Прошло уже четыре часа после моего противостояния с Коулом за обедом, а я все еще злилась. Я направлялась через ферму к гостинице, расположенной в задней части ранчо, чтобы отнести бумаги Джейн от Джо, но с каждым шагом мои мысли были о Коуле – привлекательном засранце. Я осмотрелась, подумав, смогут ли работники, ремонтирующие забор в 10 метрах от меня, увидеть мои дымящиеся уши, и мне кажется, что могут.

Он обращался со мной, как с дерьмом на сапогах. Он никак не отреагировал на мои слова, и сомневаюсь, что у него это было в планах. Он просто автоматически предположил, что я лгунья. Часть меня понимала, что я ошибалась насчет него годами. Но мои поступки не разрушили его жизнь. Я, конечно, была глупым голодным ребенком, но это не оправдывает такого рода реакцию. Что случилось с моим милым ковбоем из поезда? Что произошло такого ужасного за эти прошедшие четыре года, что он стал не только черствым и недоброжелательным, но и непрощающим? Я была чертовски зла, но и ту маленькую девчонку он задел за живое.
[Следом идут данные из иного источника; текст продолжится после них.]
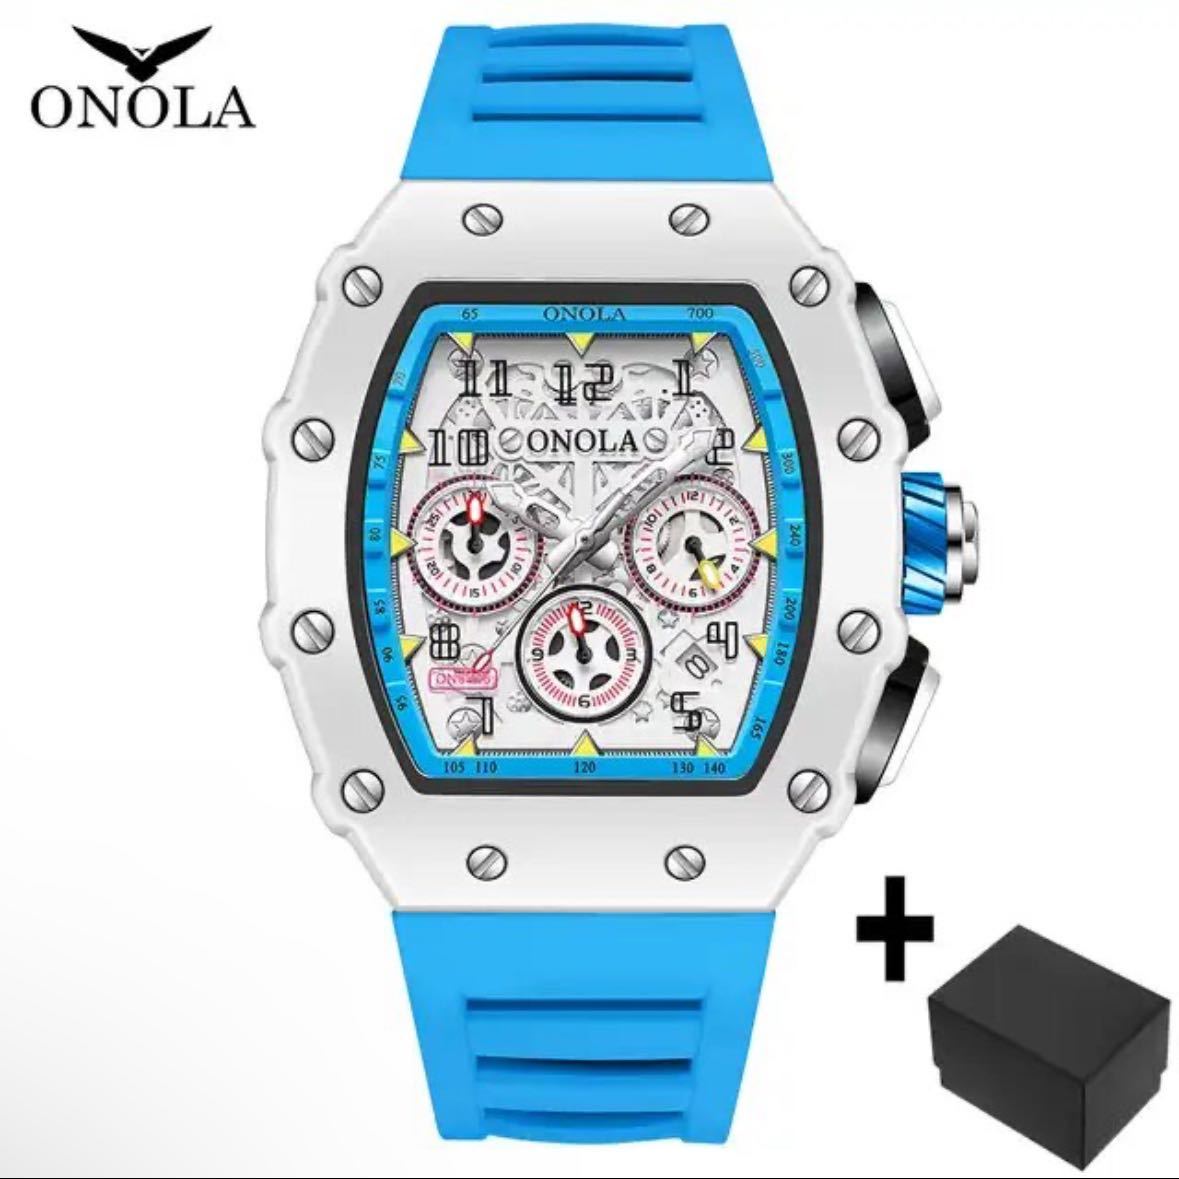 【日本未発売 アメリカ価格30,000円】ONOLA リシャールオマージュ クロノグラフ搭載 クォーツ腕時計 ラバーベルト メンズ腕時計
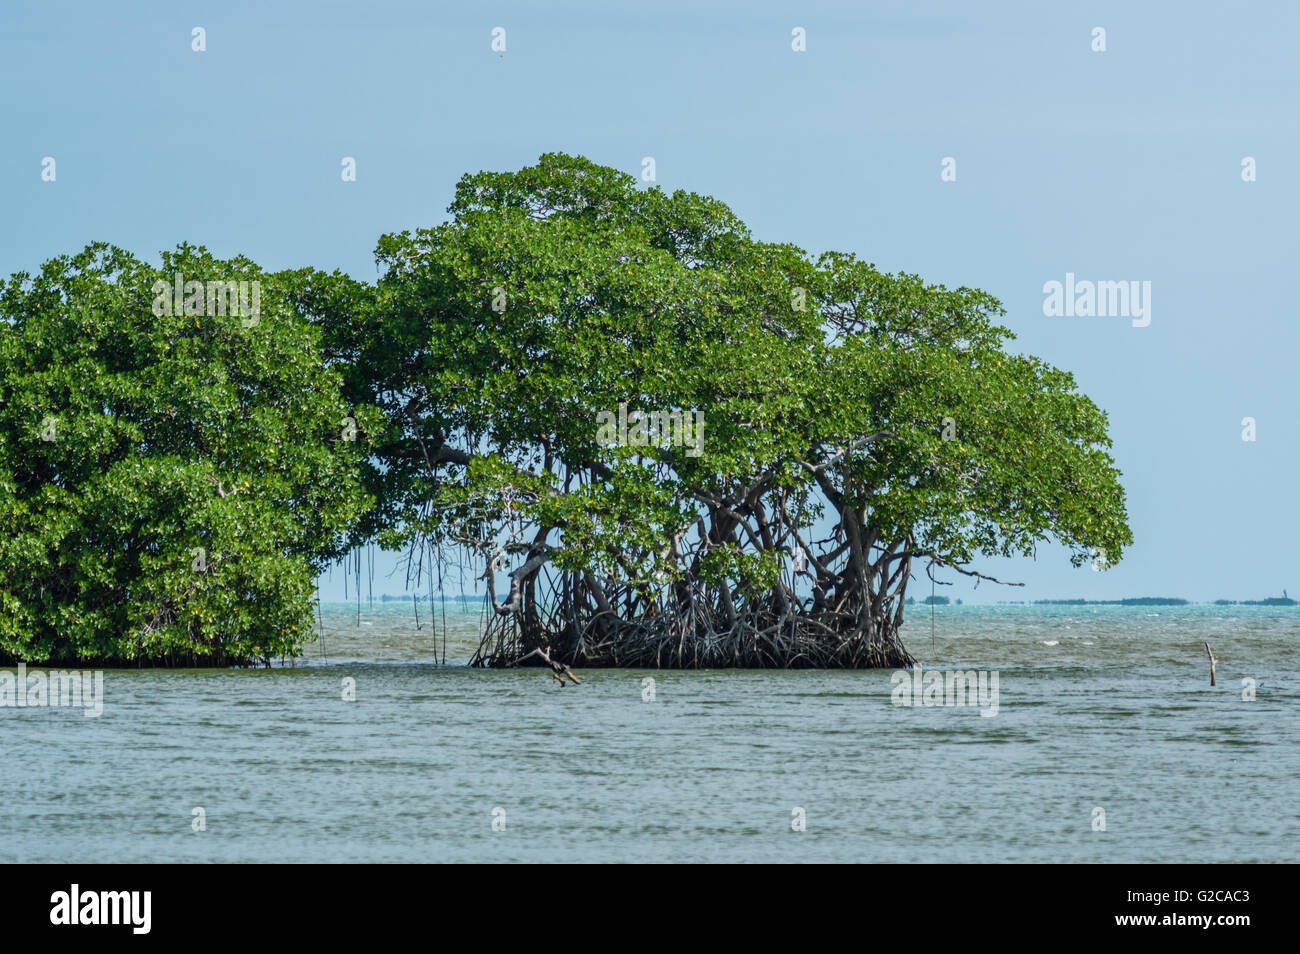 Marais de mangroves le long de la côte du Belize. Belize City, Belize Banque D'Images

Она поклонялась этому ковбою. Она думала, что он был прекраснее всех на свете. Когда ее пальцы очень замерзали в старых, изношенных ботинках, она вспоминала его улыбку, и ей сразу же становилось теплее.

Я была в ярости, да, и этим ранила ту самую маленькую девочку. Потому что тот ковбой исчез, и на его месте появился, холодный как сталь, Коул Бриггс – исключительный засранец.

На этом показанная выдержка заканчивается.